Brave is the soundtrack to the 2012 Disney-Pixar film of the same name composed by Patrick Doyle and performed by the London Symphony Orchestra. The soundtrack features Doyle's musical score and features two original songs performed by Scottish singer Julie Fowlis (written by Alex Mandel and Mark Andrews, produced by Jim Sutherland), and one original song performed by Birdy and Mumford & Sons. Walt Disney Records released the soundtrack on both CD album and digital download on June 19, 2012.
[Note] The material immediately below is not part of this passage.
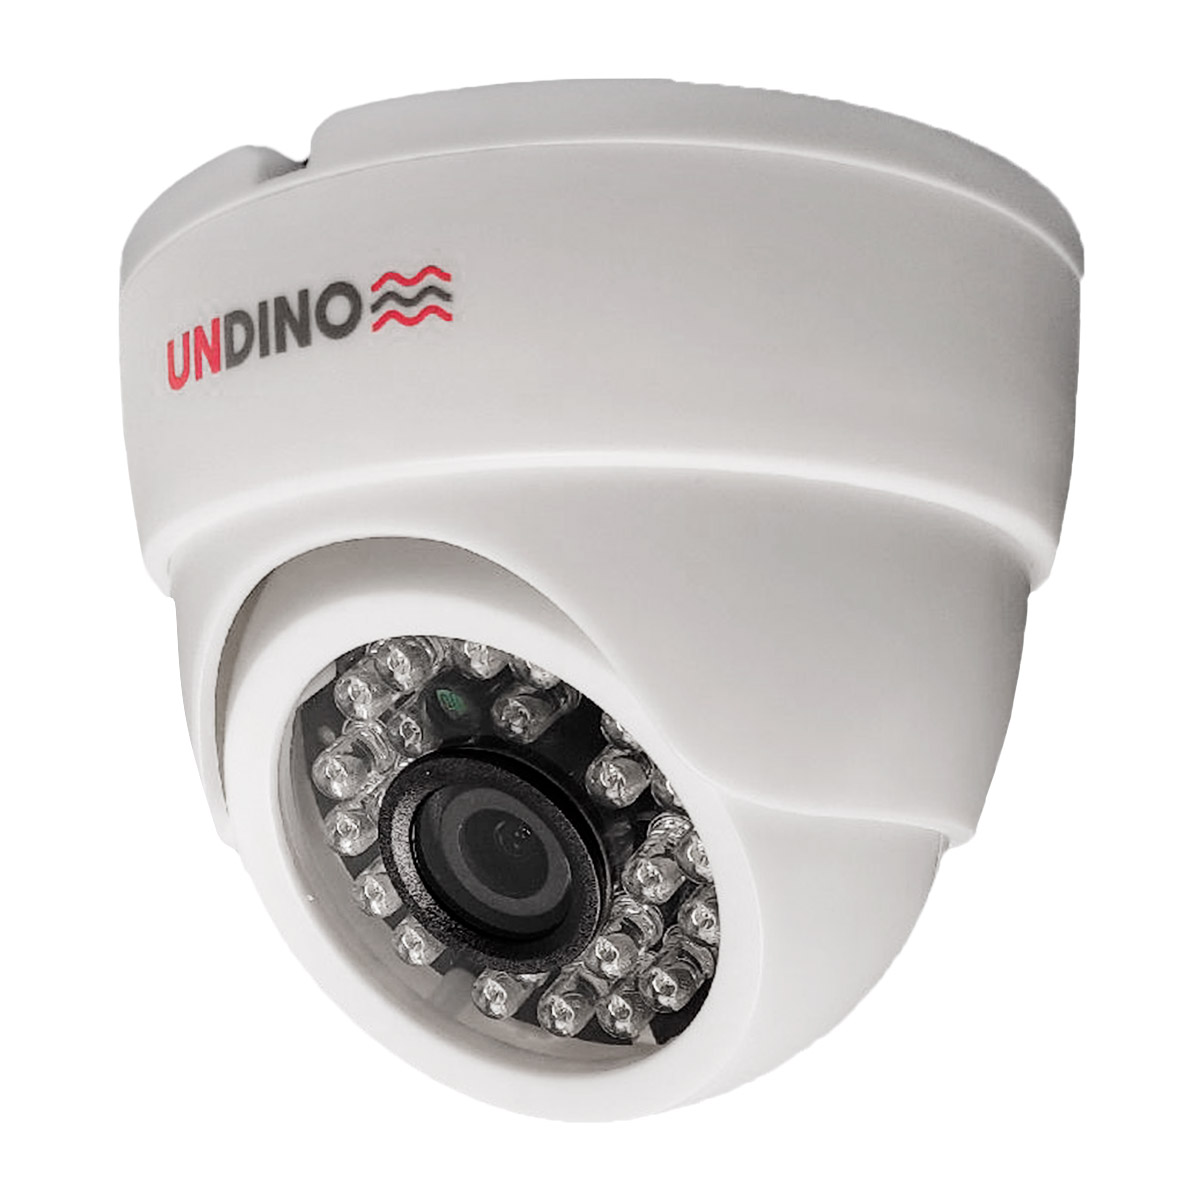 Купольная камера видеонаблюдения IP 2Мп Undino UD-ED02IP цифровая с POE питанием

Brave was the first Disney film to feature music lyrics in Scottish Gaelic. The lullaby duet between the characters Merida and Queen Elinor entitled "A Mhaighdean Bhan Uasal (Noble Maiden Fair)” (music by Patrick Doyle, lyrics by Patrick Neil Doyle) appears on three occasions in different variations within the fabric of the score, and uniquely includes Gaelic vocals by Emma Thompson and Peigi Barker. Doyle also composed for the film, “Song of Mor’du” (lyrics by Patrick Doyle and Steve Purcell) sung by Billy Connolly, Scott Davies, Patrick Doyle, Gordon Neville, Alex Norton and Carey Wilson. In this drinking song, Doyle and Purcell utilise a rich variety of words in the Scots language.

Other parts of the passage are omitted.